Lorsque “Choisir la révolte” s’est imposé comme thème à l’équipe de Culture Zero me sont venues à l’esprit ces images de révoltés : des jeunes manifestant dans les rues dans de nombreux pays du monde arabe. C’était fin 2010 – début 2011. À l’époque, je ne me suis pas vraiment intéressée à ces informations des journaux télévisés, probablement trop occupée à autre chose. Alors au printemps 2019, avec ce thème, j’ai sauté sur l’occasion d’en savoir un peu plus. Voici ce que j’ai appris.
Je plante le décor.
17 Décembre 2010. C’est la date qui est majoritairement reconnue comme le départ de ces contestations populaires, appelées “Printemps arabe”. Tunisie. Mohamed Bouazizi, âgé de 26 ans, s’immole par le feu devant le siège du gouvernorat tunisien. Il est jeune, diplômé et sans emploi. Pour subvenir à ses besoins et ceux de sa famille, il travaille comme marchand ambulant. Régulièrement, l’autorité au pouvoir lui confisque son outil de travail, une charrette. Il choisit de mourir plutôt que de vivre dans la misère.

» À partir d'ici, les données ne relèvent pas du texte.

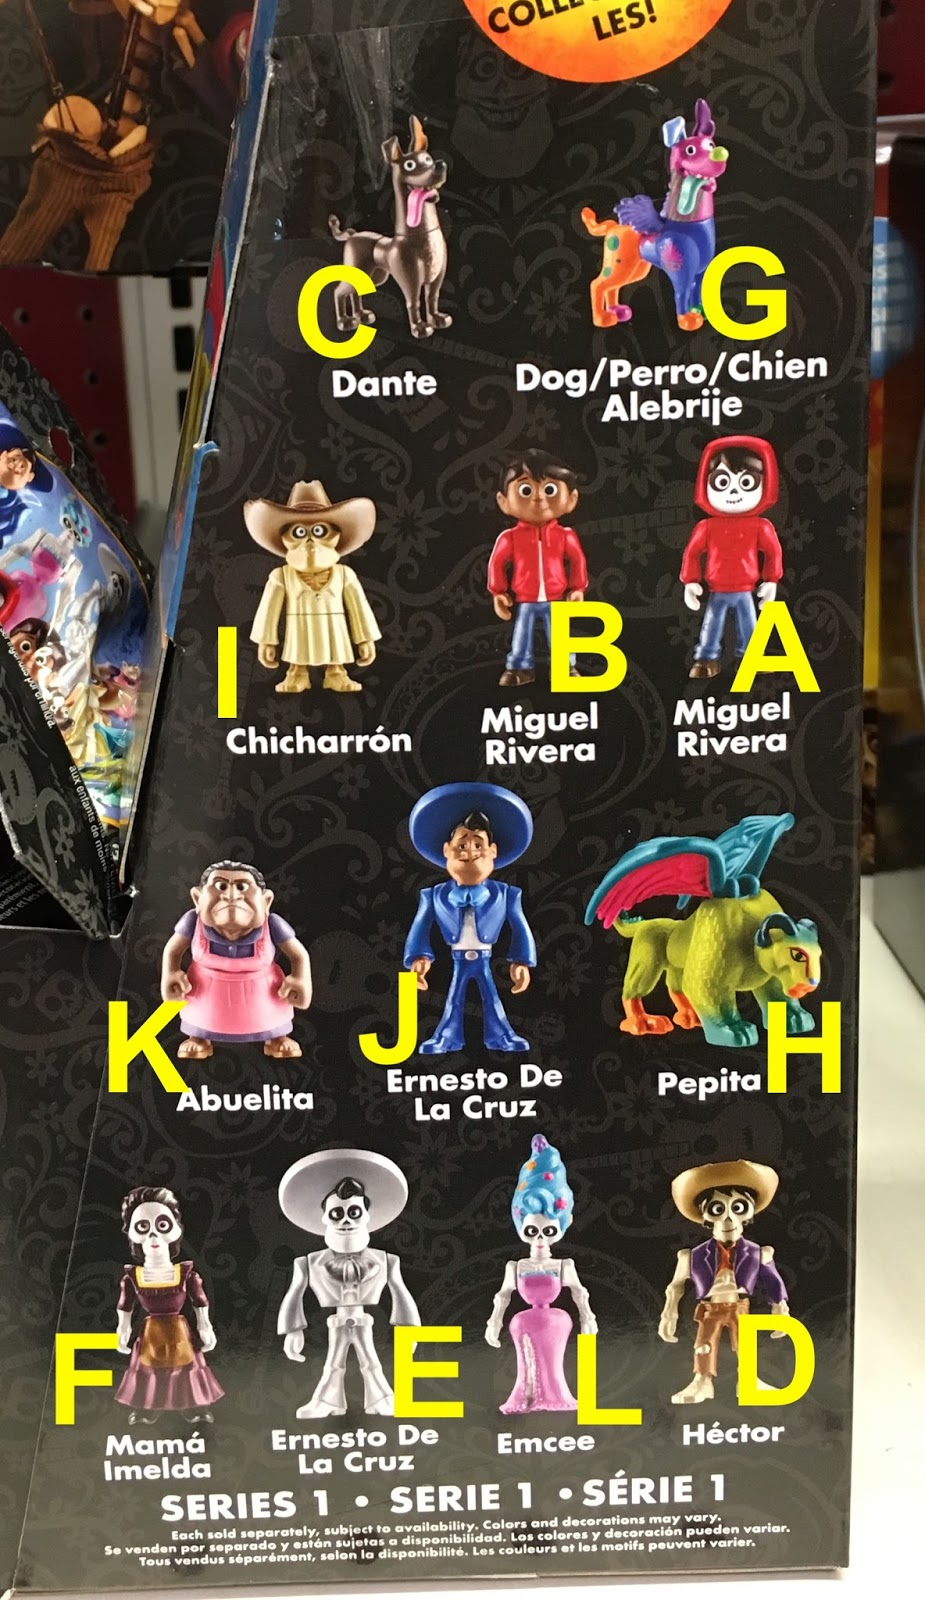 Mattel Disney pixar Coco Pepita 2017 Collectible Figurine
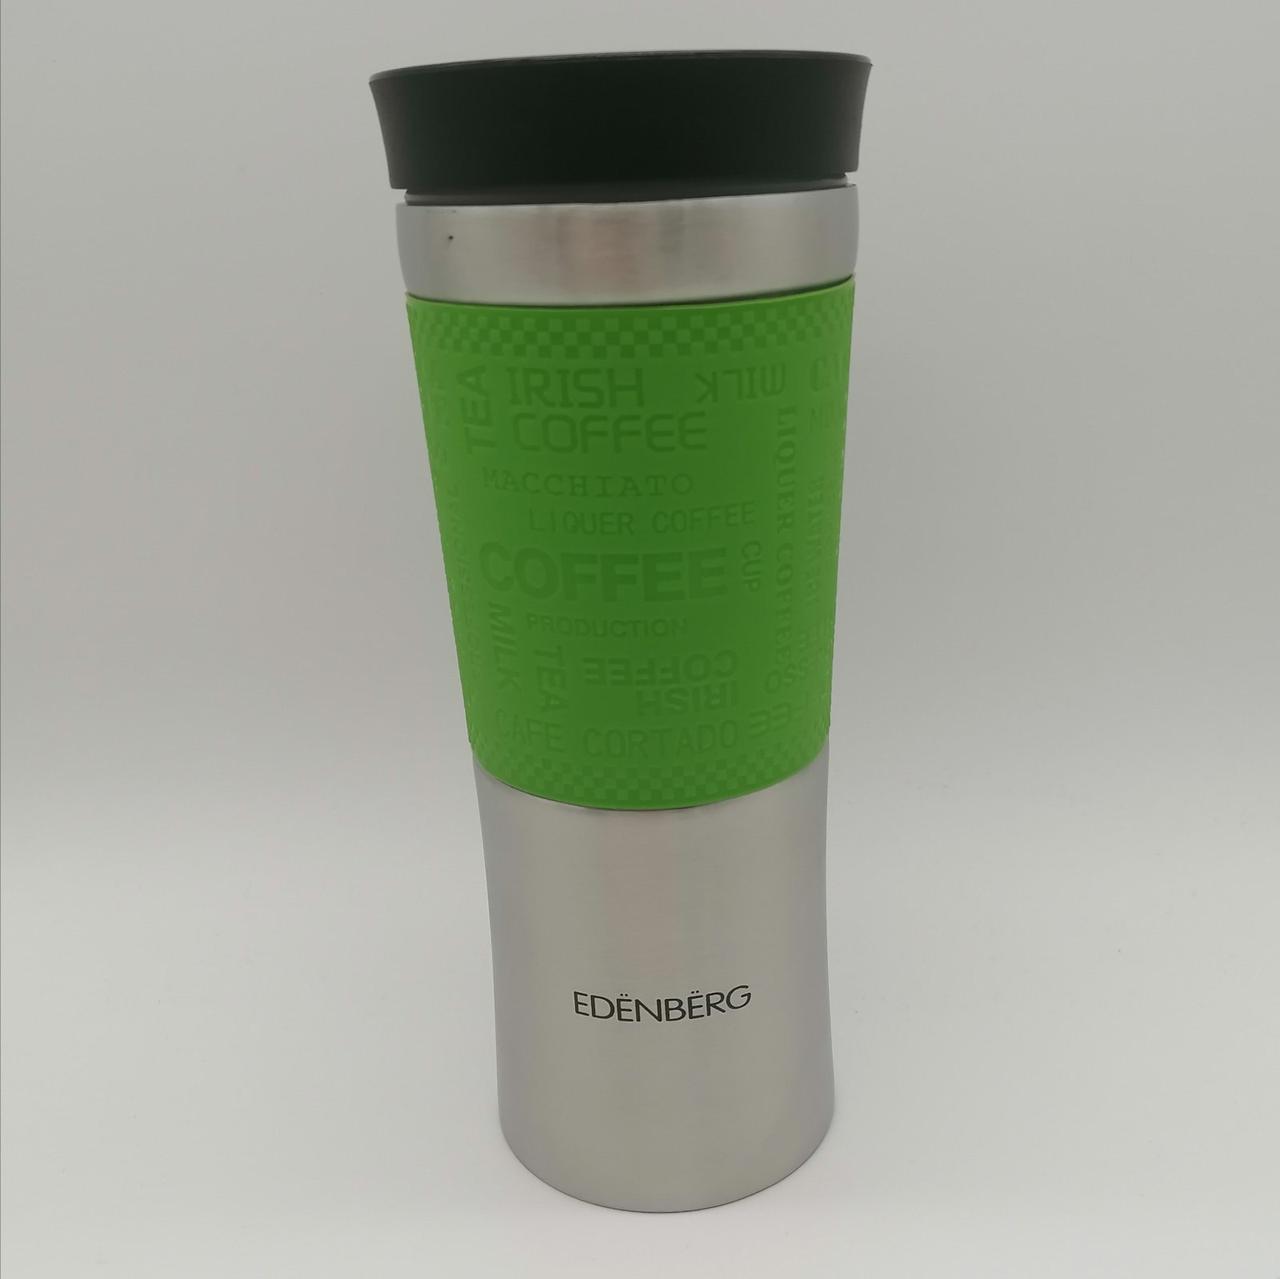 Термокружка Edenberg EB-633-3 кружка-термос 480 мл зелена

Ce suicide entraîne une vague de colère chez les jeunes, qui se reconnaissent en Mohamed. Ils manifestent alors dans les rues tunisiennes leurs désaccords avec leur gouvernement et l’accusent de dégrader leurs conditions de vie. Malgré la répression, la colère se propage et les manifestations se multiplient. Après un mois de révolte, ils obtiennent la démission du président Ben Ali. Vingt-trois années passées à la tête du pays.
Quelques jours plus tard, c’est au tour des Égyptiens d’envahir les rues avec les mêmes revendications : ils réclament du travail, la baisse des prix des aliments et le droit de s’exprimer librement. Ils dénoncent les actions sans foi ni loi des forces de sécurité du pays et la torture devenue courante. Ils réclament le départ de leur président. Après trois semaines de révolte et manifestations, Hosni Moubarak quitte le pouvoir. 30 ans de dictature.
En Lybie, même si des mesures préventives (interdiction des rassemblements, baisse des prix des aliments de base, etc.) avaient été mises en place par Mouammar Kadhafi, les manifestants se rassemblent dans les rues. Ils sont très violemment réprimés. Le mouvement se transforme en une insurrection armée, puis en guerre civile. On compte des milliers de morts. Mouammar Kadhafi, en fuite avec sa famille, continue à appeler au combat, il sera tué en octobre 2011. 41 ans au pouvoir.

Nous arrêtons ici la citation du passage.